(Beginning of Records supplied)

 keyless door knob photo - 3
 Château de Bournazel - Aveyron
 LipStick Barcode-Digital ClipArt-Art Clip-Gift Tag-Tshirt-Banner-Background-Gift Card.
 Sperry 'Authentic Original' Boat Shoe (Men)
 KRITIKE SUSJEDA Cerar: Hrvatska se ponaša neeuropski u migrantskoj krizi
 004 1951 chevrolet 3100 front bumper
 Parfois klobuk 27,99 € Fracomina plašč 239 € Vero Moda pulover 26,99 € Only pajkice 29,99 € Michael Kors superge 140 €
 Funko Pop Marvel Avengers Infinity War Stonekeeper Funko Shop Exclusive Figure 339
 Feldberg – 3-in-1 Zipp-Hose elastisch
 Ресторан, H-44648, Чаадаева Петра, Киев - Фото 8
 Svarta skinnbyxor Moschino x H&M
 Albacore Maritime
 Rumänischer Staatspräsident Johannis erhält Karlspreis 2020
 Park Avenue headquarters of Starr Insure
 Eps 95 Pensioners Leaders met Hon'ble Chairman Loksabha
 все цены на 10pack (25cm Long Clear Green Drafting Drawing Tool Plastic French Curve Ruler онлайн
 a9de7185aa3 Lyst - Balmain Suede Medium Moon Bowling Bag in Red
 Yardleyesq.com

(End of Records supplied)

# Prompt:
Would you write out all of the data exactly as given?

# Task response:
 keyless door knob photo - 3
 Château de Bournazel - Aveyron
 LipStick Barcode-Digital ClipArt-Art Clip-Gift Tag-Tshirt-Banner-Background-Gift Card.
 Sperry 'Authentic Original' Boat Shoe (Men)
 KRITIKE SUSJEDA Cerar: Hrvatska se ponaša neeuropski u migrantskoj krizi
 004 1951 chevrolet 3100 front bumper
 Parfois klobuk 27,99 € Fracomina plašč 239 € Vero Moda pulover 26,99 € Only pajkice 29,99 € Michael Kors superge 140 €
 Funko Pop Marvel Avengers Infinity War Stonekeeper Funko Shop Exclusive Figure 339
 Feldberg – 3-in-1 Zipp-Hose elastisch
 Ресторан, H-44648, Чаадаева Петра, Киев - Фото 8
 Svarta skinnbyxor Moschino x H&M
 Albacore Maritime
 Rumänischer Staatspräsident Johannis erhält Karlspreis 2020
 Park Avenue headquarters of Starr Insure
 Eps 95 Pensioners Leaders met Hon'ble Chairman Loksabha
 все цены на 10pack (25cm Long Clear Green Drafting Drawing Tool Plastic French Curve Ruler онлайн
 a9de7185aa3 Lyst - Balmain Suede Medium Moon Bowling Bag in Red
 Yardleyesq.com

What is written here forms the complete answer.